Assim como as pressões aplicadas ao fornecimento de petróleo e gás elevaram os preços, as


tensões ambientais agora poderão empurrar para cima os preços dos alimentos e da água em
muitas partes do mundo. Considerando-se as ondas de calor, secas e outras tensões
climáticas através dos EUA, Europa, Austrália e outros lugares neste ano, os preços do
trigo agora estão disparando, atingido os seus mais altos níveis em décadas. Portanto, as
pressões ambientais agora estão atingindo a linha de baixo - afetando rendas e meios de
vida ao redor do mundo.
Com crescimento populacional, crescimento econômico e mudança climática,
enfrentaremos a intensificação das secas, furacões e tufões, o poderoso El Nino, carência de
água, ondas de calor, extinção de espécies, e mais.

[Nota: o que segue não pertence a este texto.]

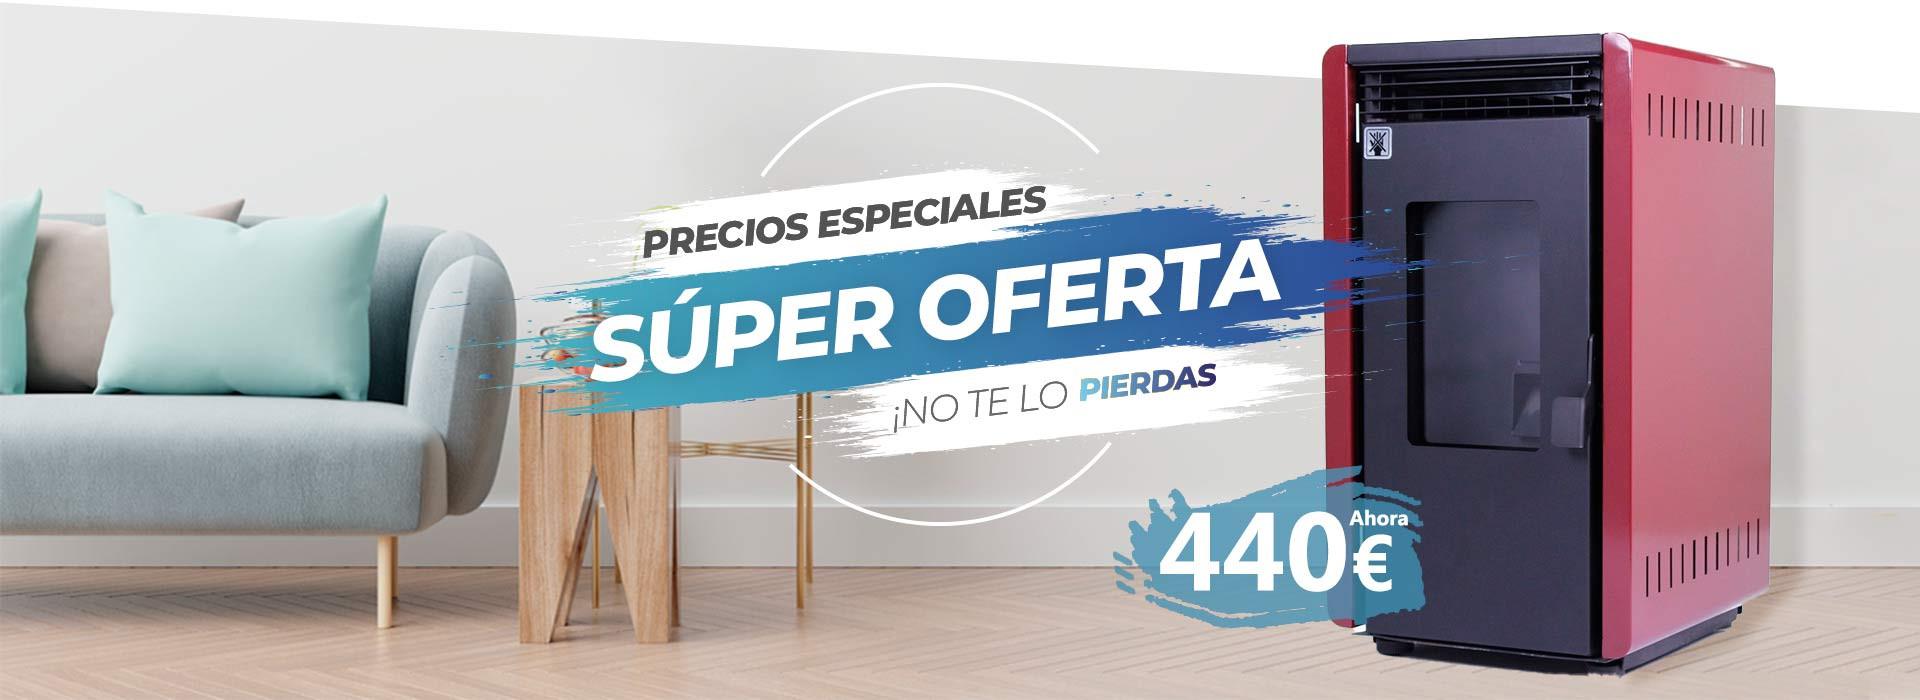 ¡ SUPER OFRTA !
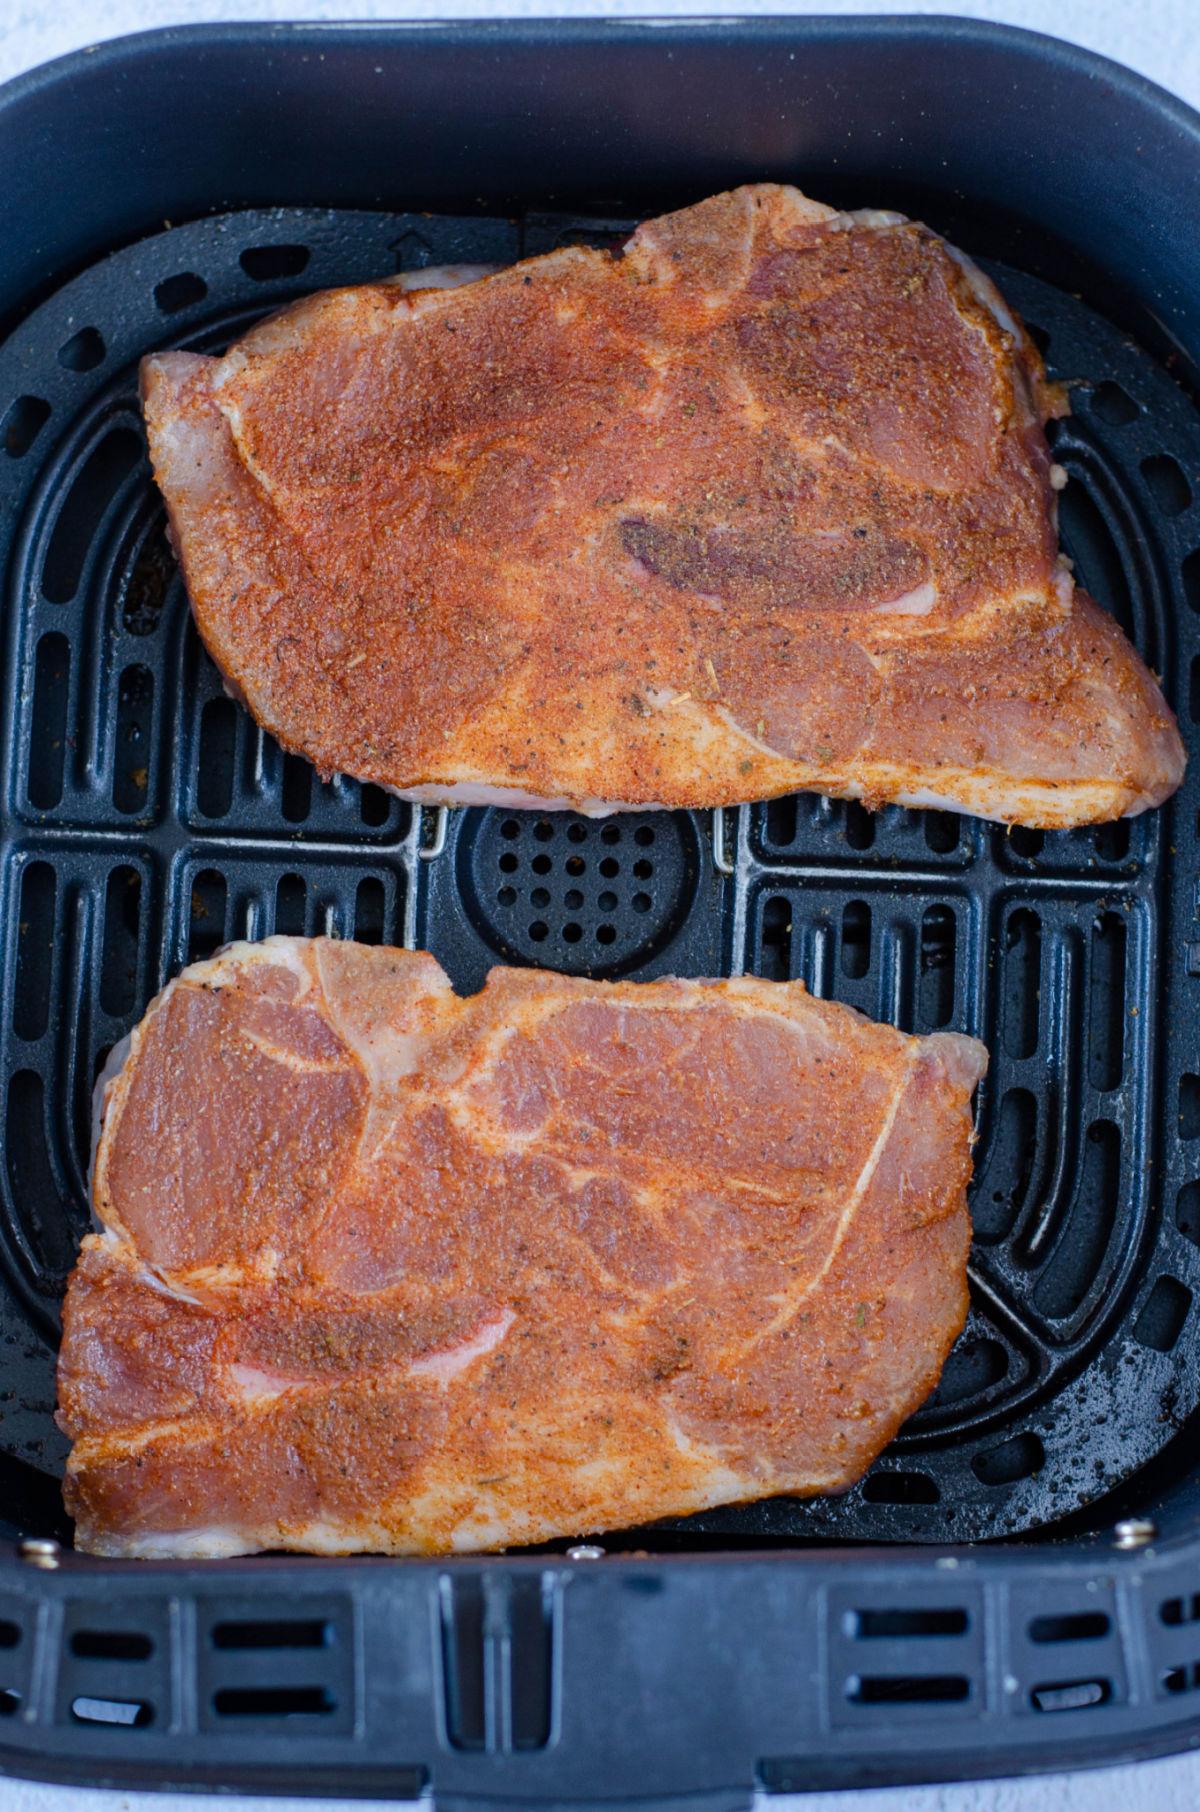 seasoned uncooked pork chops in an air fryer

Os temas "amenos" do clima e do meio
ambiente darão lugar aos temas estratégicos e desagradáveis do vigésimo-primeiro século.
Não há, porém, quase nenhum reconhecimento desta verdade básica nos nossos governos
ou nas nossas políticas globais. As pessoas que falam sobre fome e crises ambientais são
vistas como "moralistas" atrapalhados, em contraponto aos "realistas" teimosos, que lidam
com a guerra e a paz. Isso é um absurdo. Os chamados realistas simplesmente não
entendem as origens das tensões e carências que estão causando um crescente número de
crises ao redor do mundo.

Nossos governos deveriam estabelecer ministérios de Desenvolvimento Sustentável,


devotados em tempo integral a gerenciar conexões entre mudança ambiental e bem-estar
humano. Os ministérios da Agricultura por si só não terão condições de fazer frente aos
casos de escassez de água que os agricultores enfrentarão. Ministérios da Saúde não terão
condições de lidar com um aumento nas doenças infecciosas decorrentes do aquecimento
global. Ministros do Meio Ambiente não conseguirão agüentar as pressões sobre oceanos e
florestas, ou as conseqüências do aumento no número de eventos com condições climáticas
extremas, como o Furacão Katrina do ano passado ou o Tufão Saomai deste ano - o pior da
China em muitas décadas. Um novo ministério poderoso deveria ser incumbido de
coordenar as reações à mudança de clima, escassez de água, e outras crises do ecossistema.

No nível global, os governos do mundo deveriam entender por fim que os tratados que
todos assinaram nos anos recentes sobre clima, meio ambiente e biodiversidade são pelo
menos tão importantes para a segurança global quanto todas as zonas de guerra e focos de
crises que ocupam as manchetes, orçamentos e a atenção. Ao se concentrarem nos desafios
subjacentes do desenvolvimento sustentável, nossos governos poderiam por um fim às
crises atuais (como em Darfur) e evitar a ocorrência de muito mais crises no futuro.